Brian W. Aldiss and David Wingrove wrote that while the imagined aliens were "fascinating creations", the "style and characterization [emphasize] the weaknesses of both Niven and Pournelle."

==Awards and nominations==
- Nominated for the Nebula Award for Best Novel in 1975.
- Nominated for the Hugo Award for Best Novel in 1975.
- Nominated for the Locus Award for Best Science Fiction Novel in 1975.

==Sequels==
Pournelle and Niven followed up with the sequel The Gripping Hand and in 2010 Pournelle's daughter, Jennifer, published an authorized sequel entitled Outies.

==Other related works==

60,000 words were cut from the novel before publication.

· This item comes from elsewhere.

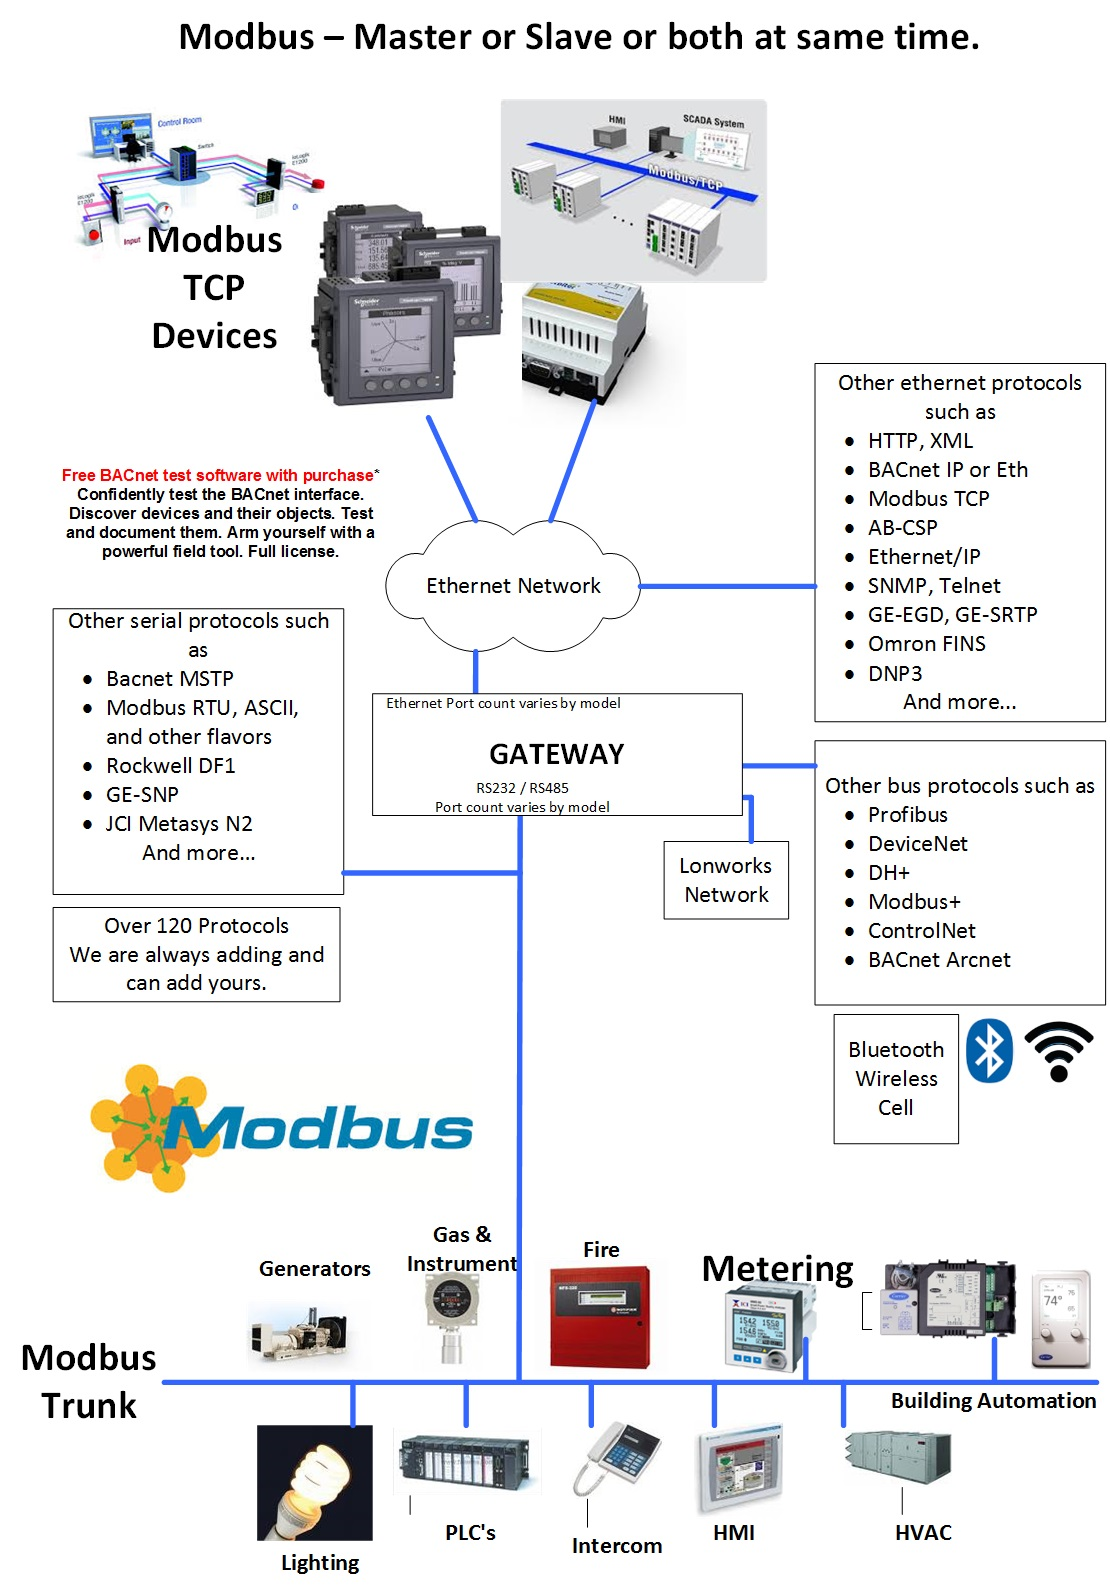 Opto 22 Optimux To Modbus Tcp Relay Wiring Diagram Imports Blockdiagrams Lp Opto22

The short story "Reflex" was instead published in 1983 in the first There Will Be War collection, edited by Pournelle and John F. Carr. It details an early phase of the battle for New Chicago, told from the rebels' point of view. MacArthur, with Captain Cziller in command and Blaine as executive officer, engages and defeats a rebel ship, but because of the technology, particularly the Langston Field, the ship is still deadly and surrender is a complex matter. Midshipman Horst Staley is sent to board and disable the ship while carrying a suicide bomb to prevent interference. He makes a mistake, allowing the "political officer" aboard the ship to snatch away the bomb, but the crew who are sick of the revolt overpower the officer. This preys on his mind during the events of the main novel. The rebel ship is taken as a prize, renamed Defiant, and commanded by Blaine during the final battle.

"Motelight" was also originally written as part of the novel, but was never published except as part of the non-fiction piece "Building 'The Mote in God's Eye'" that appeared in Pournelle's collection "A Step Farther Out". It describes how two astronomers on the planet New Scotland try to continue their work during the war with neighboring New Ireland, and are thus the first to see the sudden brightening of the Mote due to the laser launch system being activated. The rest of the population are hiding under the Langston Fields protecting their cities from bombardment, until one day the field fails and they see the Coal Sack with a glowing green Eye. The story also mentions "Howard Grote Littlemead", who believes that the bright Mote is really the Eye of God, and founds the Church of Him. It is in one of the churches that Potter shows Renner and Staley a holographic picture of the Coal Sack showing the intense green glow of the Mote.

Larry Niven also wrote a poem, "In Memoriam: Howard Grote Littlemead", that was published much later.